Padres outfielder Melvin Upton Jr. says he’s “tired of trying to live up to other people’s expectations” and intends to “work hard” and “have fun” in San Diego, Jeff Sanders of the San Diego Union-Tribune reports. As Sanders writes, the elder Upton brother has long been looked upon to deliver results befitting his talent, draft status, and contracts, and he’s obviously endured some rough years along the way. But he’s still only 31 years old and turned things around last year, posting a .259/.327/.429 slash in 228 plate appearances while profiling as a solid defender in center. While the $31.9MM left on his contract over the next two years, which the Friars took on in the Craig Kimbrel swap, still looks rather expensive, it’s certainly possible that Upton will continue that momentum and function as a valuable member of the roster.
Here are a few more notes from the NL West:
- Dodgers lefty Alex Wood missed his scheduled start today after experiencing forearm tightness, as Ken Gurnick of MLB.com reports. As things stand, though, the team is “optimistic” that the current issue is a minor one, Bill Shaikin of the Los Angeles Times reports (Twitter links), and Wood himself says the soreness is “extremely mild.” Acquired last summer, Wood figures to be an important component of the club’s rotation depth as it deals with the extended absences of pitchers such as Brandon McCarthy and Brett Anderson, as well as the continued uncertainty surrounding Hyun-jin Ryu. It’s certainly too soon to know whether there’s cause for real concern regarding Wood, but he’s always been a player who has faced questions about his durability due to his unorthodox delivery and prior Tommy John surgery. Indeed, the statistical research of MLBTR contributor Bradley Woodrum suggested that Wood is at a heightened risk of a TJ procedure this year, as he checked in at 72% above the league average risk. While that shouldn’t be read to indicate that Wood is particularly likely to require a UCL replacement in the coming season, it does perhaps point towards cautious handling, and the club seems to be proceeding accordingly.
- The Dodgers intend to utilize Joc Pederson as the team’s regular center fielder, Bill Plunkett of the Orange County Register reports.

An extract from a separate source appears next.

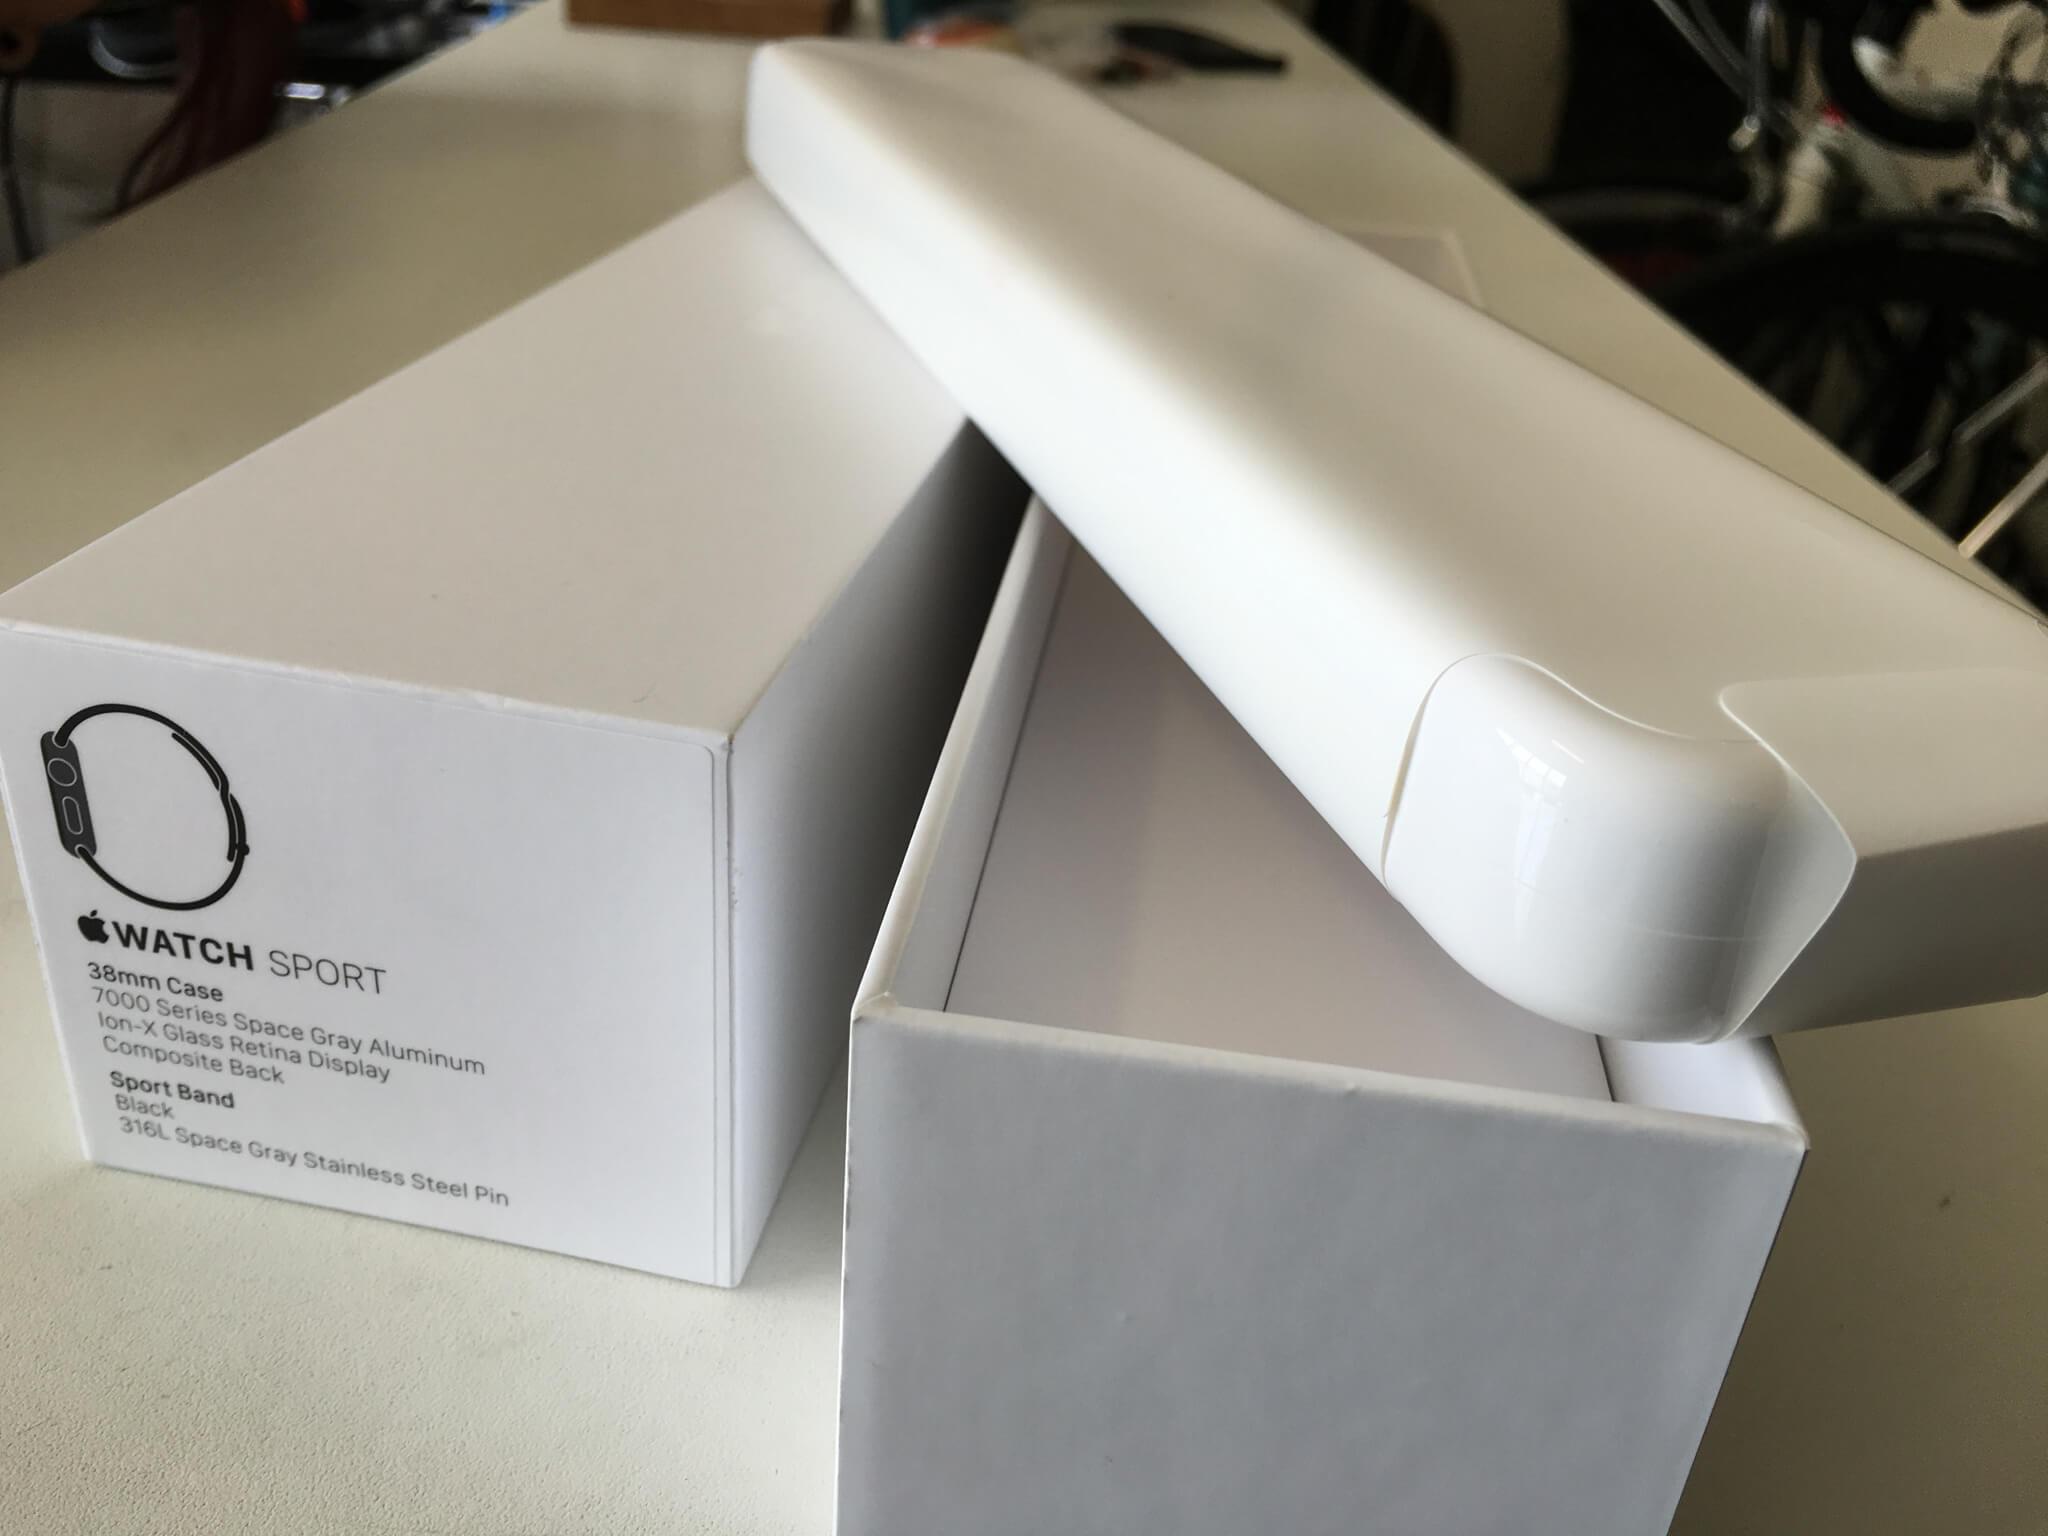 有別以往的 Apple Device,Sport Watch 倒是使用全白的包裝紙包著

While the team is giving an extended look to Trayce Thompson this spring, skipper Dave Roberts explains that the much-hyped Pederson “looks good, much more comfortable at the plate” now than he did down the stretch and remains “a plus defender in center field.”
- J.P. Hoornstra of the Los Angeles News Group examines the Dodgers’ extensive recent history on the Cuban market in an interesting piece. The demand for Cuban talent jumped with Yasiel Puig’s success, Hoornstra explains, but has begun to stabilize — in player assessment, if not overall spending levels — as more and more players from the island have made their way north. While Los Angeles has continued to invest in Cuban ballplayers, GM Farhan Zaidi also explains that the organization has done more to “create a stronger assimilation program” to help ensure they’ll succeed. “I think you sort of gain information from not just players you’ve signed from that market in the past, but who other teams have signed, what kind of players have succeeded. Why they’ve succeeded,” says Zaidi. “Not just their inherent talent level, but were they given the support system that I think these guys need to succeed?”
- Speaking at the SABR analytics conference, Diamondbacks CEO Derrick Hall explained the reasoning behind the organization’s decision to part with young talent in recent months, as Nick Piecoro of the Arizona Republic reports. Arizona was prepared to deal with some criticism, and acknowledges that it hurt to give up some strong prospects to build for the present. He explained that the D-Backs will always focus on “building from within,” but nevertheless felt the time was right “to somewhat abandon that with a couple of moves that we made so that we can create that flexibility because we think we can win now.” That doesn’t mean the team will always operated that way going forward, though, he stressed. “It is a unique model and it’s not something we’re going to practice forever,” says Hall. “It’s not going to define us. We’re not always going to look that way.”